(EnergyAsia, September 17 2012, Monday) — Has Indian upstream company ONGC Videsh made the right move paying a total of US$1 billion for a 2.72% stake in mature Azerbaijan oilfields, and 2.36% interest in an oil pipeline?

Analysts are asking this question after the subsidiary of state-owned ONGC announced it would be using the bulk of its cash holdings to pay US independent Hess for its holdings in the Azeri, Chirag and Guneshli fields (ACG) and interest in the associated BTC pipeline.

The deal would boost ONGC Videsh’s production by a mere 1.6% and its proved reserves by 1.8%. The assets are likely to show declining output in coming years, as suggested by the US firm’s statement that it is selling off mature and small holdings that include the ACG fields which have been producing since 1997.

Located in the Caspian Sea 95km east of Baku, the BP-operated fields produce around 700,000 b/d of crude. The complex’s other owners are State Oil Company of Azerbaijan Republic (SOCAR), Chevron, Statoil, ExxonMobil, Inpex, Turkish NOC – TPAO and Itochu.

The 1,768-km BTC pipeline is a key infrastructure handling the export of one-million b/d of Caspian crude oil to the Ceyhan terminal in the Mediterranean Sea in south-east Turkey.

“The sale of our interest in ACG is consistent with our strategy to divest mature and small working interest assets.

Including this transaction, we have announced asset sales year-to-date totaling nearly $2 billion and additional asset sales are underway as part of our strategic portfolio reshaping,” said Greg Hill, Hess’s President of Worldwide Exploration and Production.

The New York-based company is focusing on developing its shale and other upstream assets in the US.
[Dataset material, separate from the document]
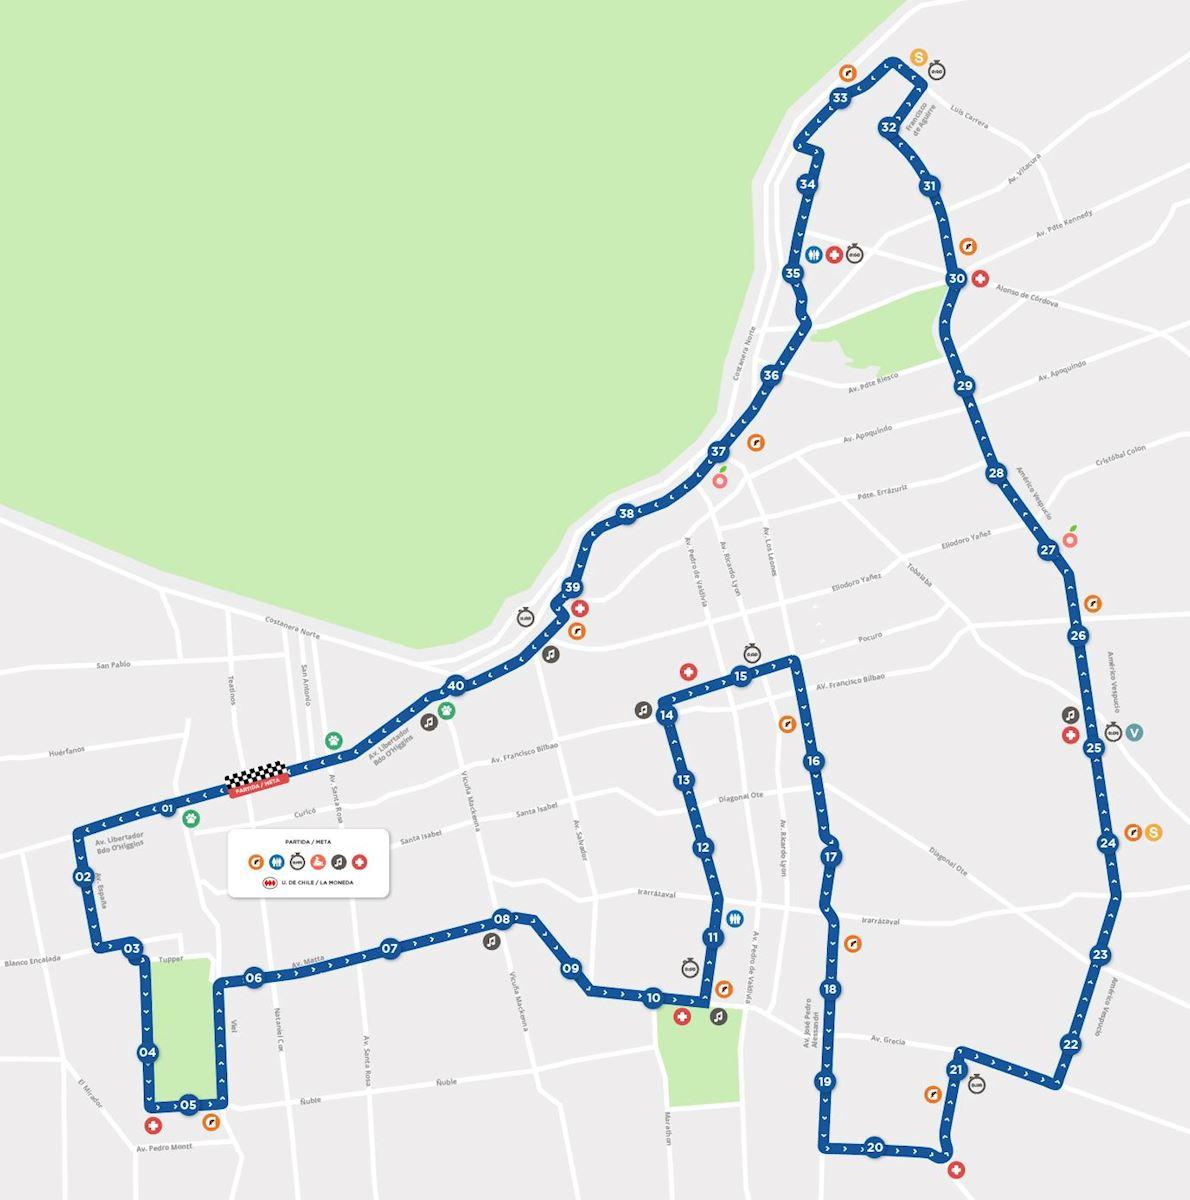 Maraton de santiago Route Map
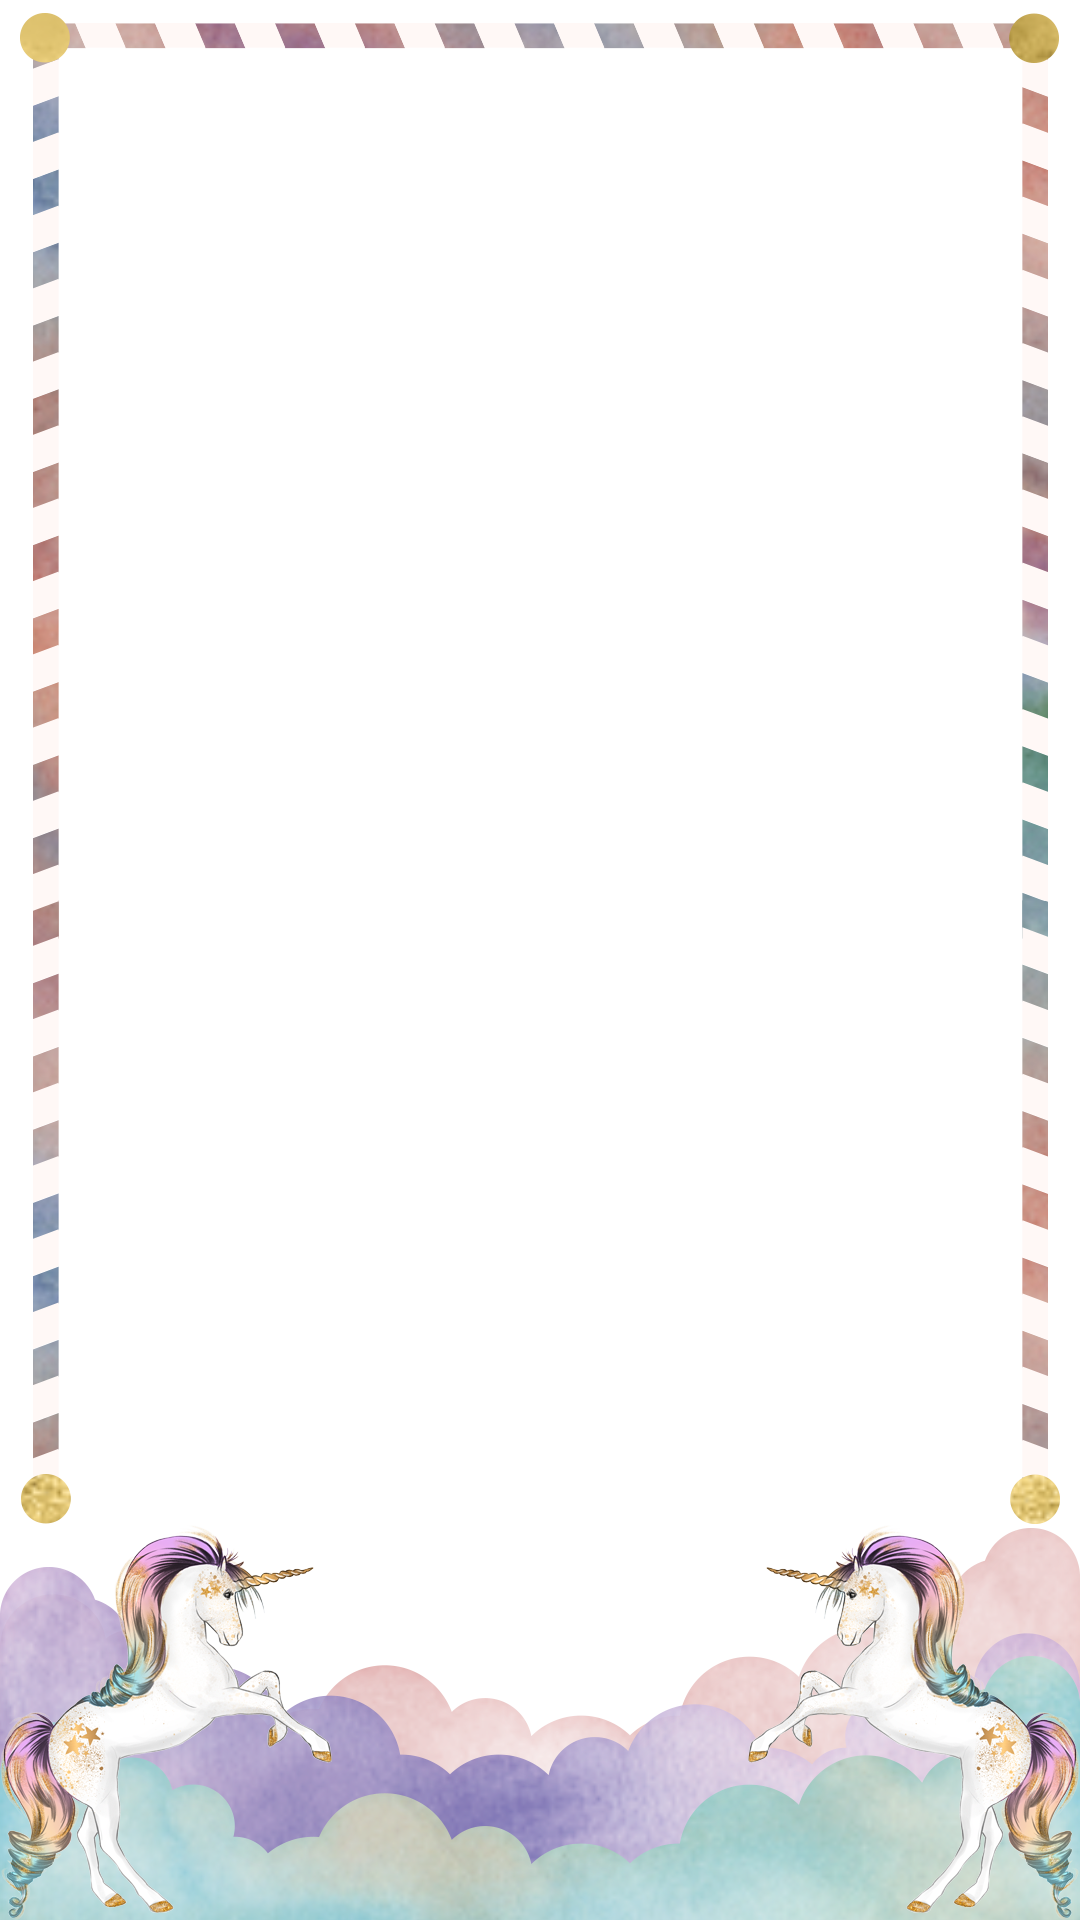 Unicorn border birthday snapchat filter geofilter maker on filterpop for Free geofilter templates

The relatively high transaction price reflects the growing global competition for increasingly scarce oil and gas resources. The transaction is expected to close in the first quarter of 2013 after it clears Indian and other government and regulatory approvals.

ONGC Videsh said the acquisition would mark its entry into oil-rich Azerbaijan and aligns with the company’s strategic objective of adding high quality international assets to its upstream portfolio while boosting India’s energy security.

Under the parent company’s long-term plan, ONGC Videsh must boost its hydrocarbons production from the current level of 8.75 million tonnes of oil equivalent (MMTOE) to 20 MMTOE by FY2018 and 60 MMTOE by FY2030.